Applying Theorem 1 and symmetrizing: As in the proof of Theorem 2, we use the index 0 to represent the server. Consider a demand vector d= (d1, ...,dK), such that the demands of the customers in A are different, i.e. di 6=dj. LetΩ consist of the N−1 cyclic permutations of(1, . . ,N), which are N-cycles, together with the identity permutation.

Without loss of generality, we assume that all caches are fully populated with file library bits (since we are constraining the optimal load), so we have ∑Q⊂[K]|Q|aQ=tNF. The choice of the set of demand vectors used for symmetry is the same as in Appendix B. Applying our main result, Theorem 1 to the subproblem caused by the demands of a subset of nodes A, we obtain.

LetI1=H, and note that since I1 is itself a subset of H, it must contain an information bit, for example wQP,m, requested by a node, for exampleπ1, and that none of the bits inI1\ {wQP,m} are available if side information onπ1. If Ik⊂ H it contains an information bit such that this bit is requested by a node, for example πk ∈[K]\ {π1,. We also note that for any choice of k0, none of the bits of ik0 are available as side information.
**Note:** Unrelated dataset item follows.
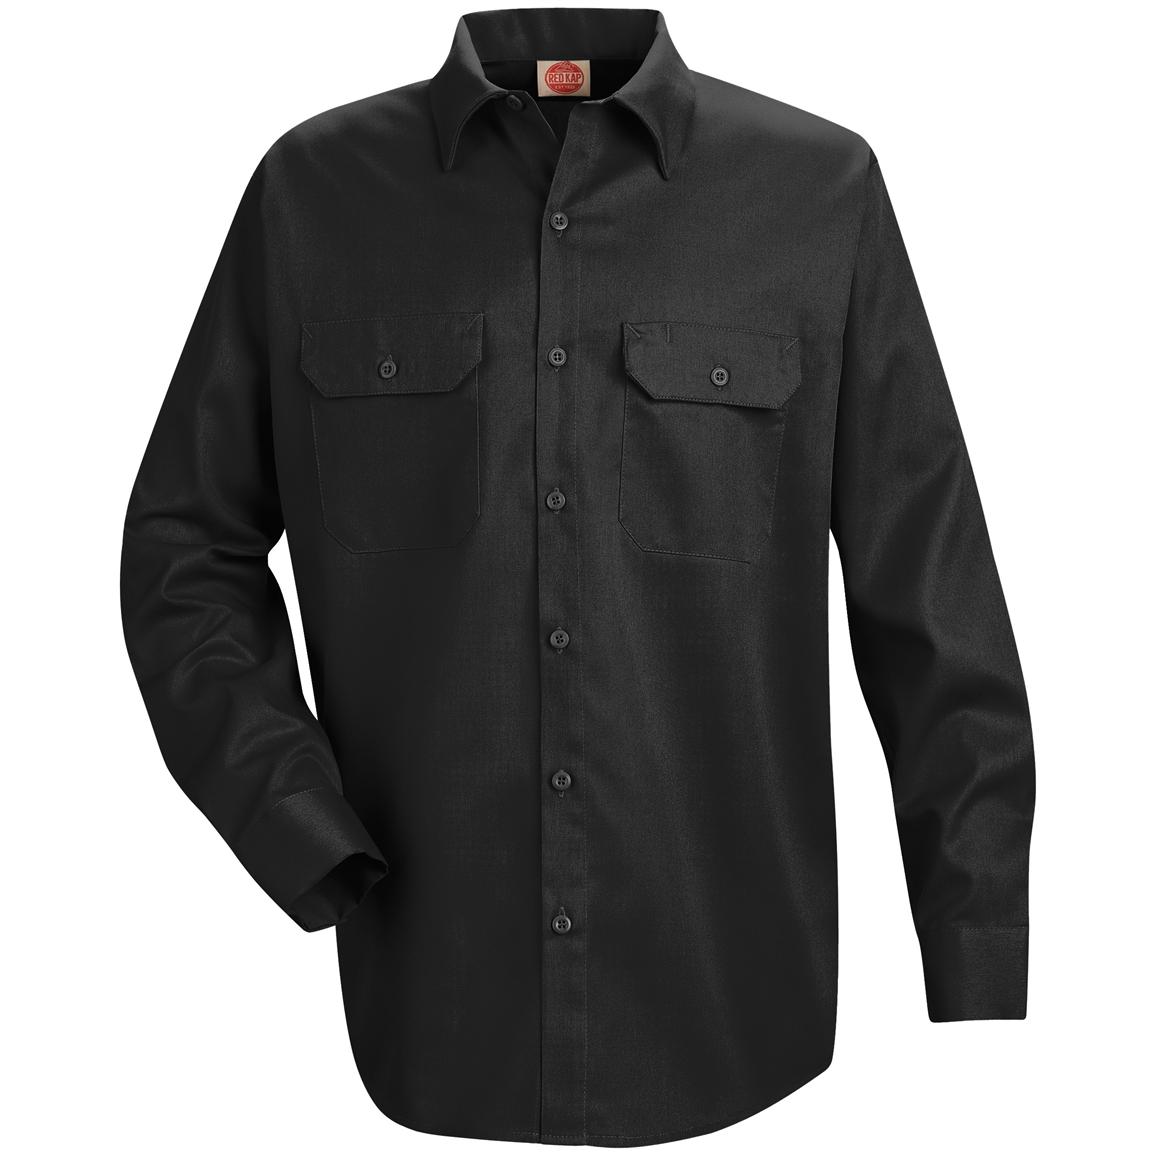 Black Uniform Shirt 3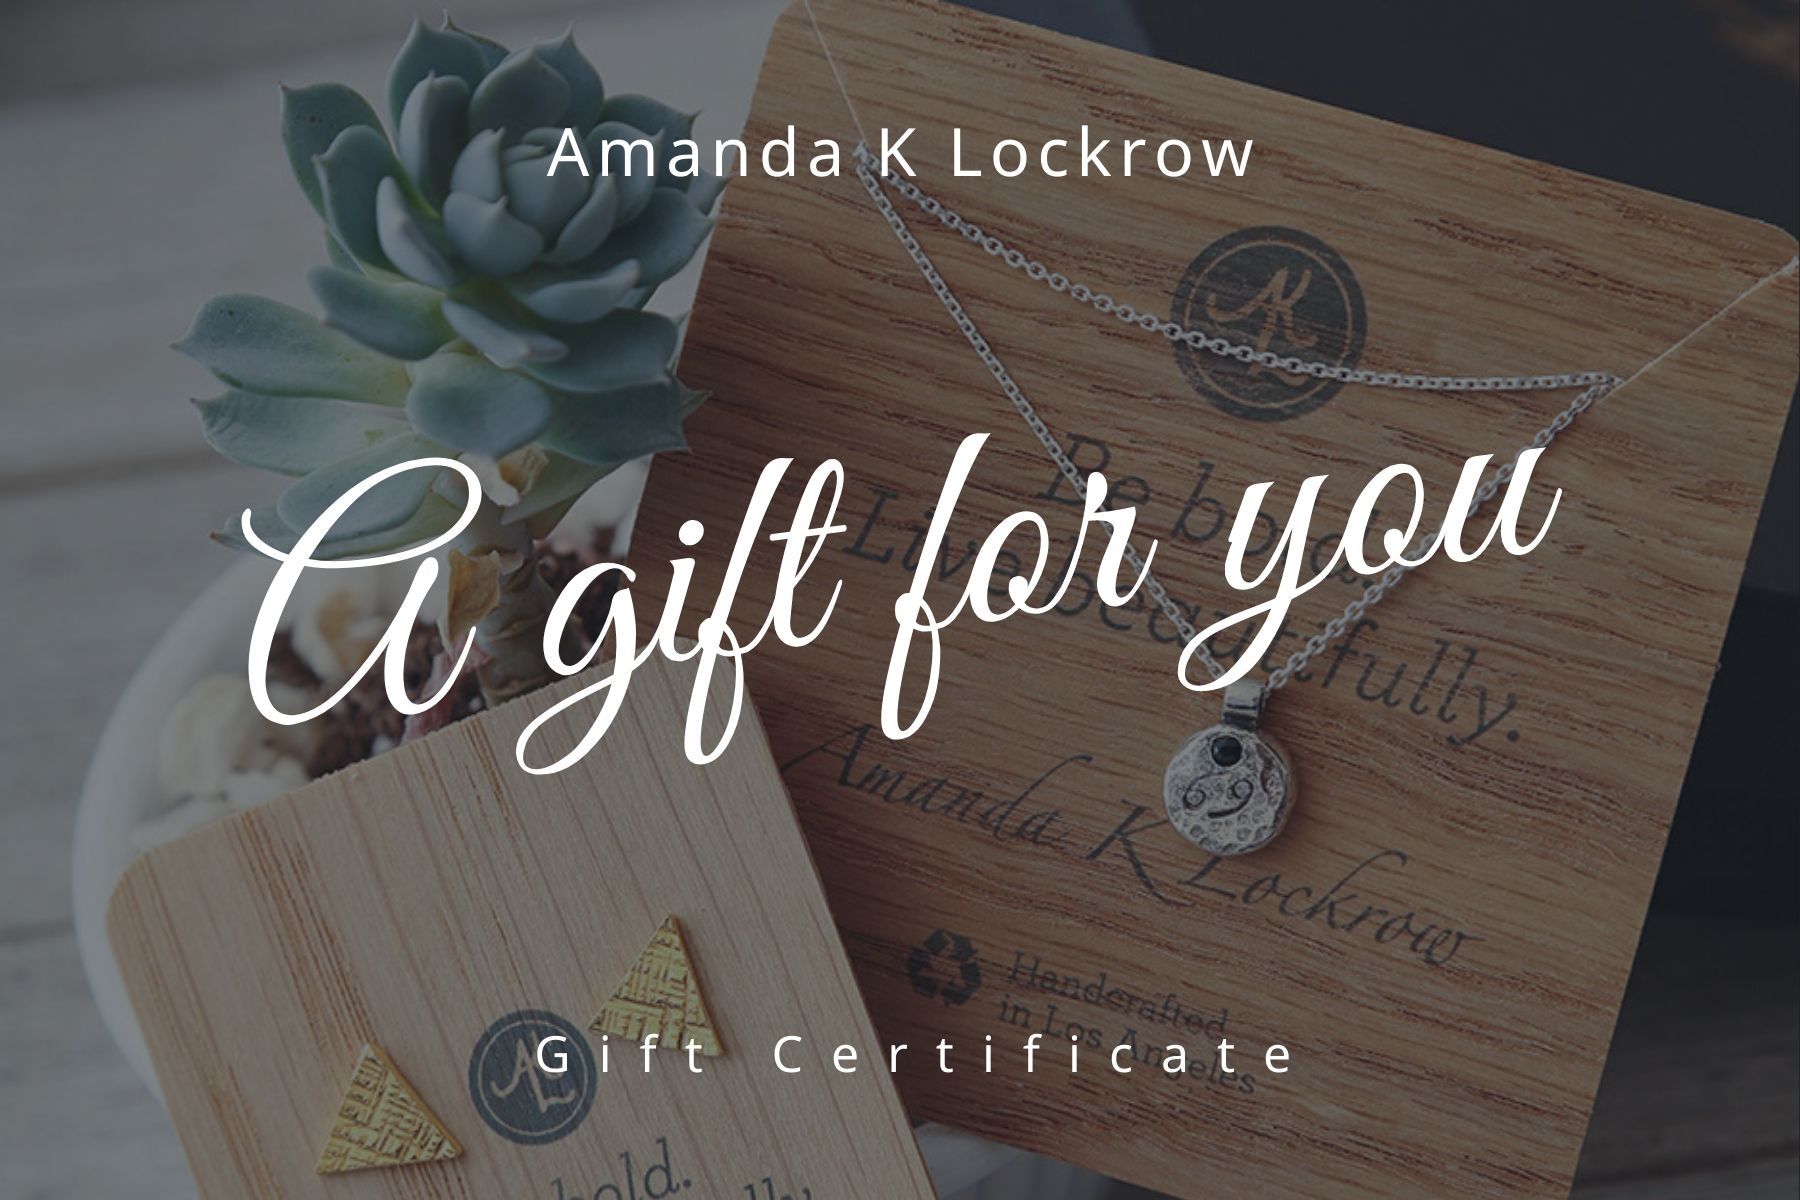 Amanda K Lockrow Gift Certificate gift card Amanda K Lockrow

Ifk > k0, asIk ⊂ Ik0, we conclude that none of the bits in Ik are available as side information in πk0. Thus, we conclude that each bit in Ik\Ik+1 is required by πand is neither required nor available as side information in any of π1,. Therefore,|Ik\Ik+1|is bounded above by the number of bits required exclusively by πand possibly a subset of i{πk+1,.

For Theorem 4 to be tight, it is necessary that the limit of this theorem is equal to α, that is, the value of f is the same for all permutationsγ. If k0∈Q, then according to the induction hypothesis the term −ckQ∪k\k0 0 present in the third summation will cancel cQk.